ZB transposon as a transgenic tool in mice. (A) ET constructs used in the mouse. The arrows represent TIRs; Myc, Myc minimal promoter; GFP, reporter (green fluorescent protein) gene; pA, Rabbit globin polyA. ZB transposase expression vector is mediated by SB transposon. SB, SB TIR; PGK2, human phosphoglycerate kinase 2 promoter; SV40En, SV40 enhancer. (B) The procedure used for the generation of a sperm mutant library, which is a double-transgenic mouse containing both a transposon cassette and a transposase expression cassette.

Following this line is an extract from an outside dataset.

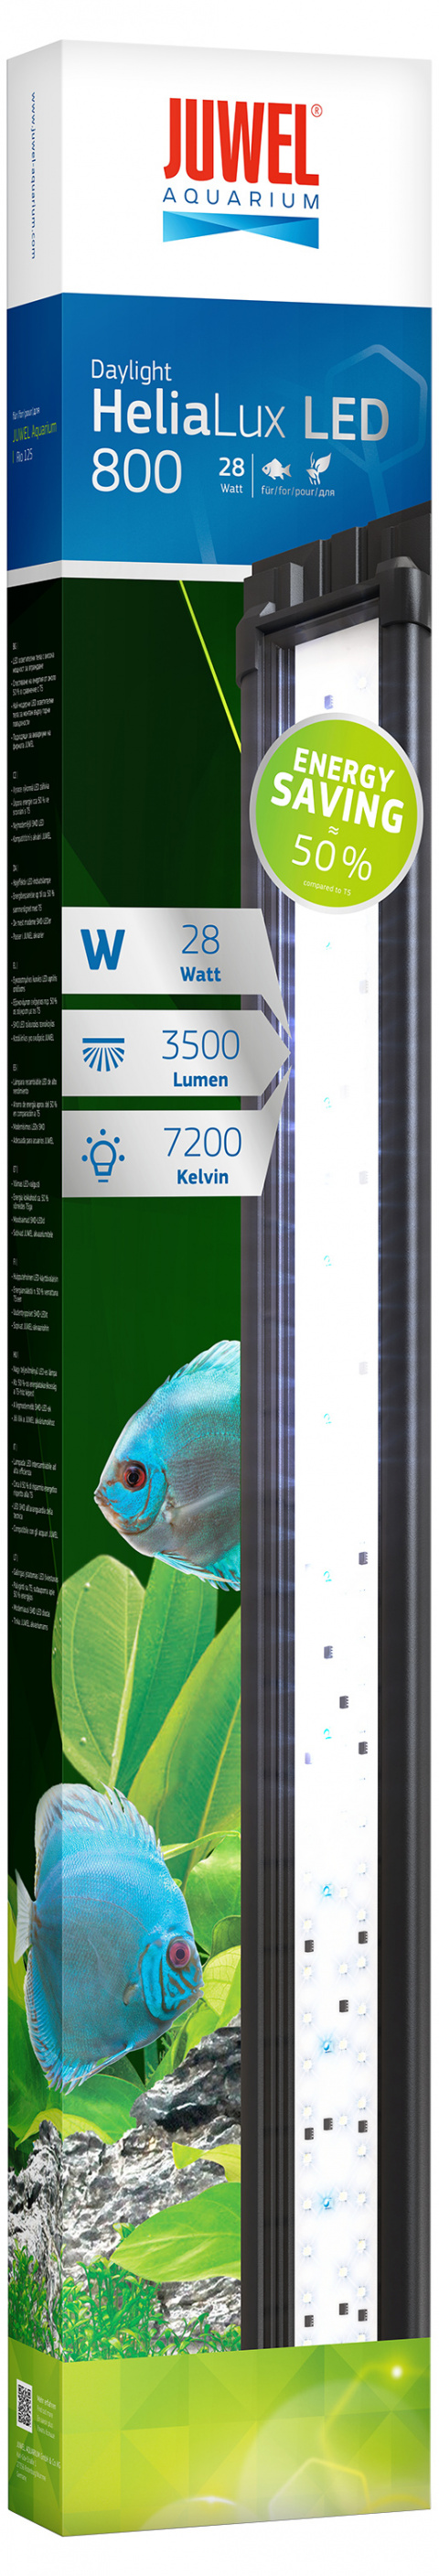 Dienas gaisma akvārijam - Juwel Helia Lux LED 800, 28 W
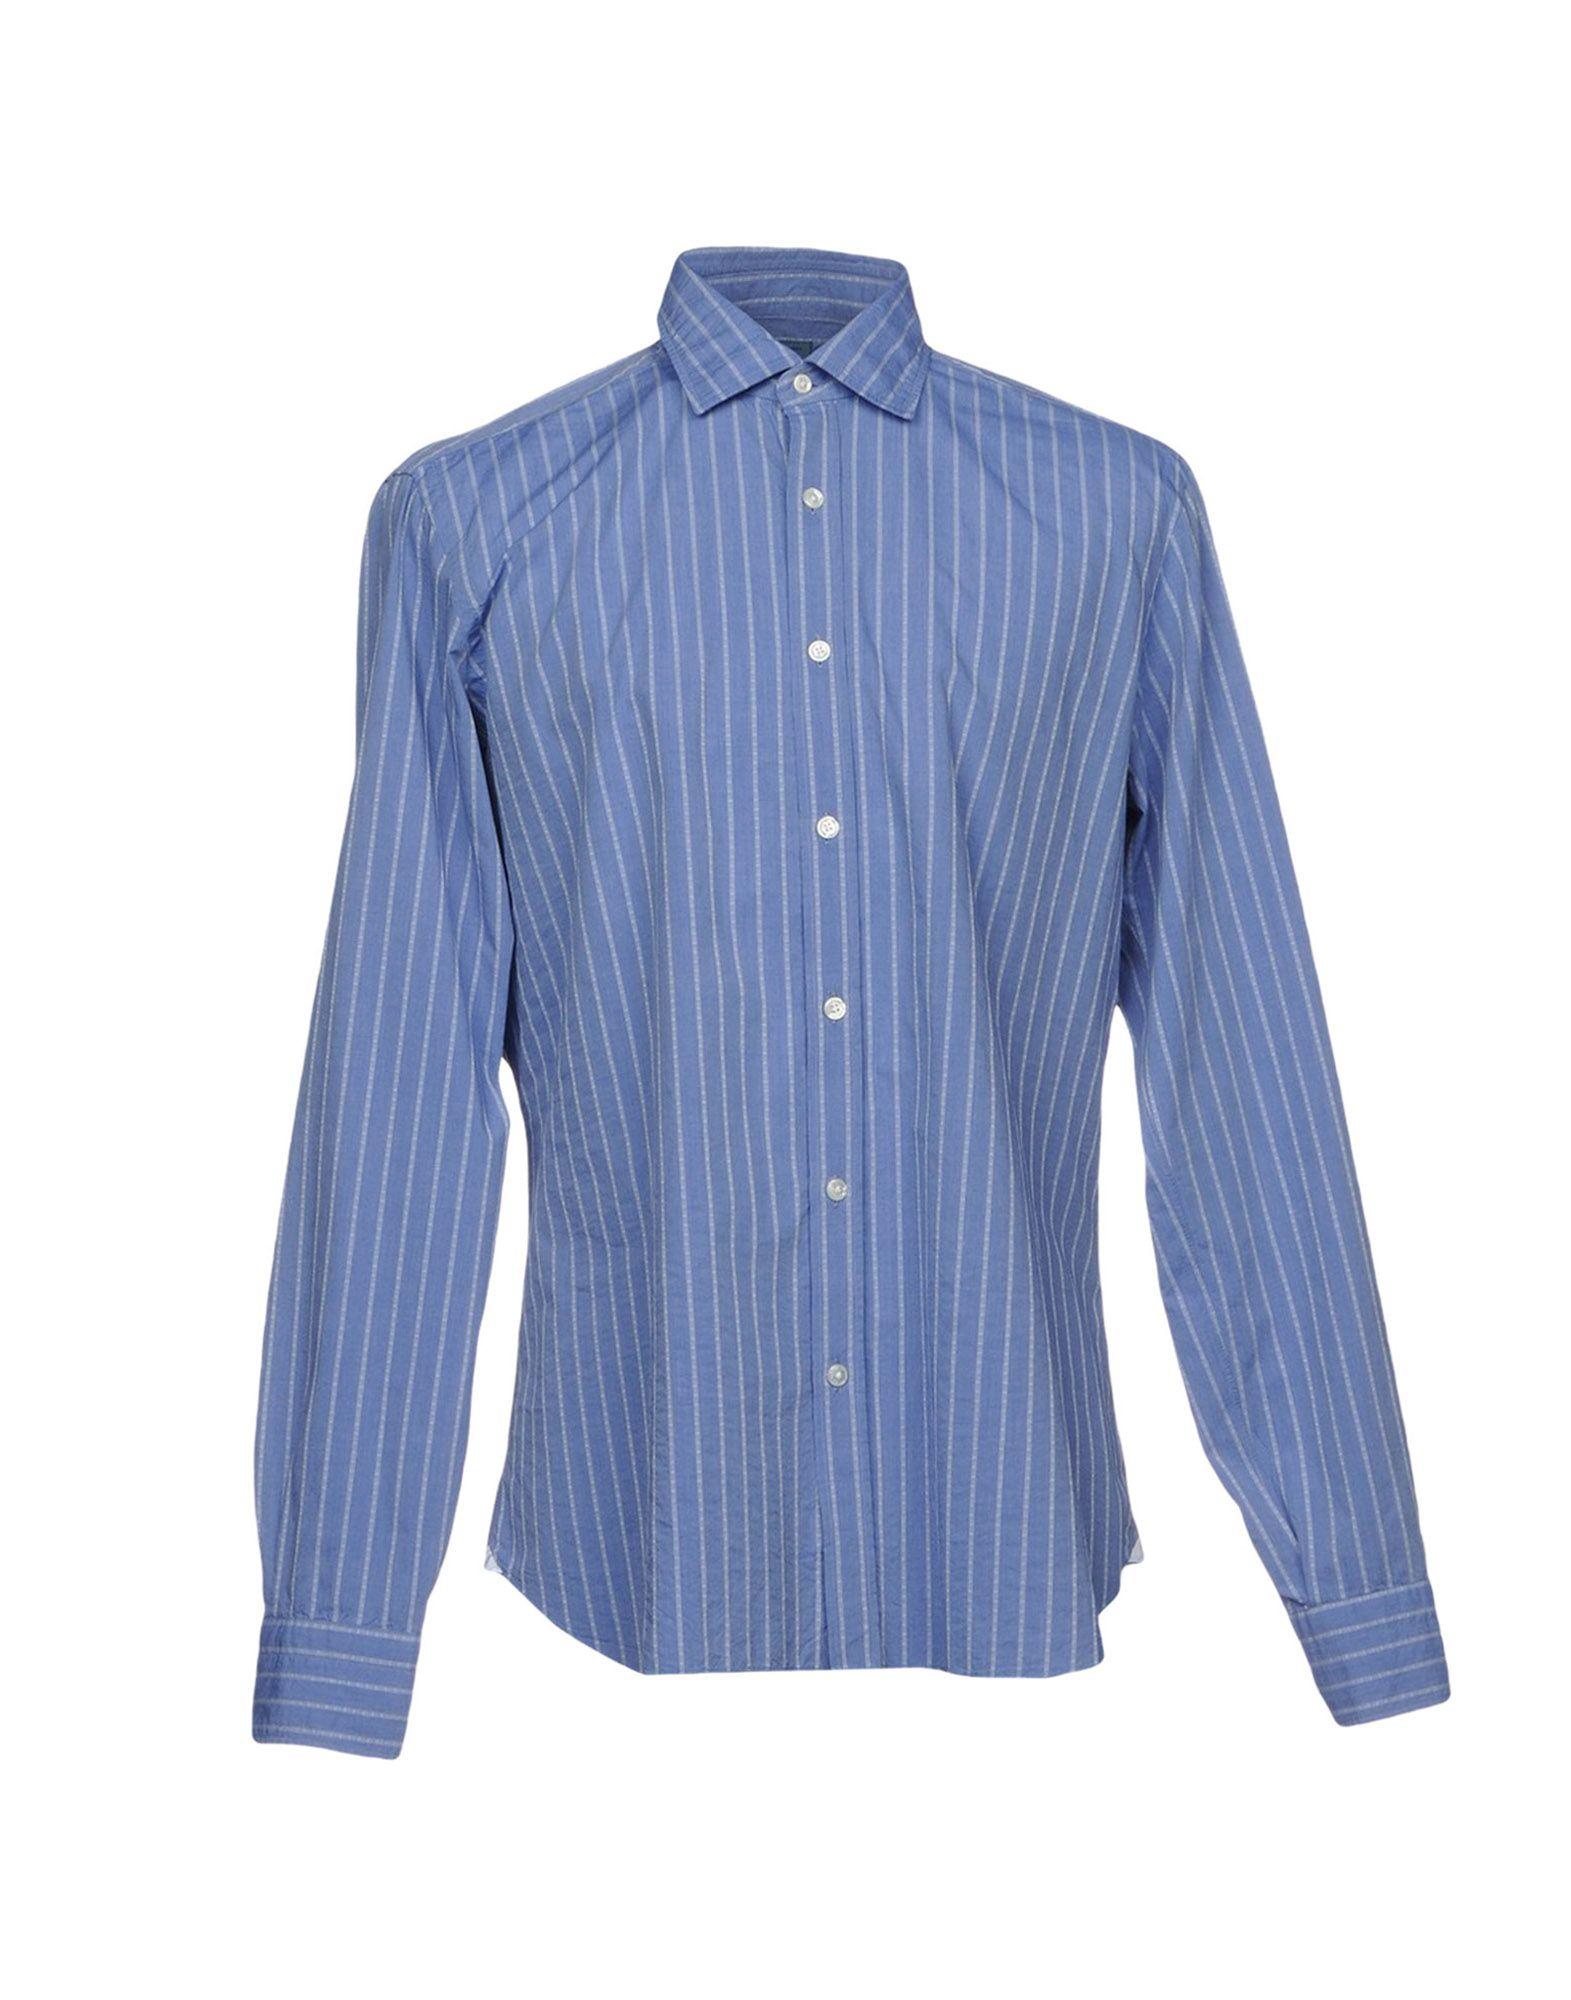 BARBA Napoli Herren Hemd Farbe Azurblau Größe 7 - broschei

Mutant libraries can produce pups with new integration sites after mating with female WT mice. (C) Fluorescence screening in three pups (nl5, nl9 and nl11) revealed the presence of GFP positivity at 10 days of age, while the founder (TnE2) was GFP negative. (D) Diagram of transposon insertions in the mouse genome. The red stars represent GFP-positive insertions, the blue stars represent GFP-negative insertions and the hollow blue star represents the founder (TnE2). (E) GFP expression patterns of nl5 in multiple tissues and organs at 5 days of age.